A Private Life Review: Jodie Foster holds meandering Hitchcockian thriller | Films | Entertainment
This French movie arrives in cinemas following a 10-minute standing ovation at the Cannes Film Festival and is already a history-making turn for Oscar winner Jodie Foster after she became the first American nominated for the Lumière Award for Best Actress. The latter is hardly a surprise; Foster is excellent in everything she does. Here she plays Dr Lilian Steiner, an apathetic and jaded Jewish-American psychiatrist living and working in Paris. She finds herself haunted by the death of a patient who died by suicide, to the extent she begins spontaneously crying. She seeks help from a hypnotherapist who, through regression therapy, shows that her past life during World War II was intertwined with the dead woman.

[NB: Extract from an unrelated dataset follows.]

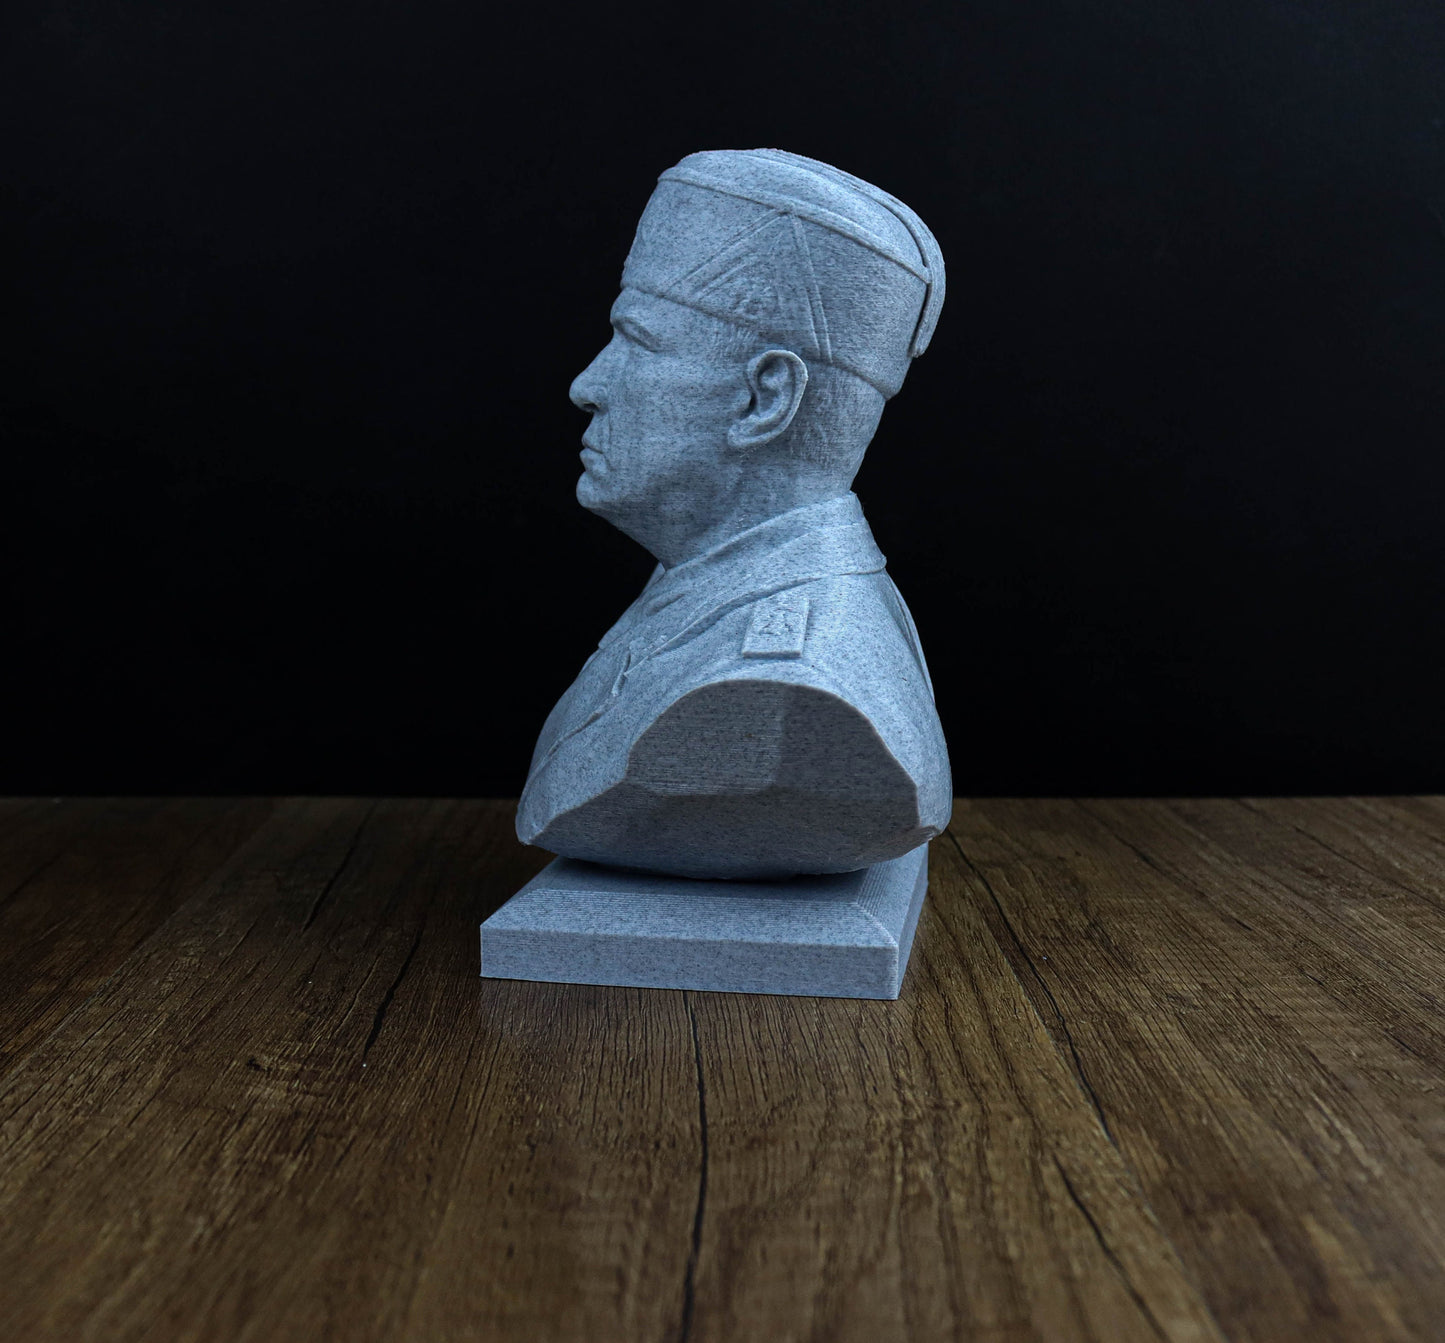 Benito Mussolini Bust, Il Duce Statue, Former Prime Minister of Italy

Following this, Lilian becomes convinced her patient was in fact murdered and, alongside her ex-husband Gabriel (played by Daniel Auteuil), begins to investigate the dead woman’s husband. However, she is haunted by her hypnotherapy vision, and it colours her perception of the situation, even spilling into her already fractious relationship with her son.
Already on edge, her paranoia is heightened as she finds herself stalked and becomes convinced it is connected to the case.
As she delves deeper into her client’s death, she is forced to confront some harsh facts about her own life, which will change her immeasurably.
This wears its Hitchcockian influence on its sleeve. As her investigation into the death intensifies, more layers of mystery are revealed, creating further suspense.
Rather than indulge an audience with one twist, there are two here – although one is rather predictable. However, in Foster’s hands, they remain engaging.
She is the North Star of this film and holds everything together. This is just as well because overall, the story is rather meandering and flimsy. The regression subplot adds nothing to it other than highlighting the character’s Jewish identity, but that is never properly explored, so it feels somewhat redundant. With red herrings galore the resolution is something of an anti-climax.
If you don’t scratch the surface and over-analyse this, it is a decent enough 103-minute watch. However, as soon as you start to break down the plot, it falls apart.
Zlotowski tries to do far too much with the story, and not all of it succeeds, but Foster’s relationship with Auteuil is eminently watchable and makes for some of the best moments of this film.
I’m not sure it deserved the lengthy Cannes ovation, but it has enough decent elements to keep you watching.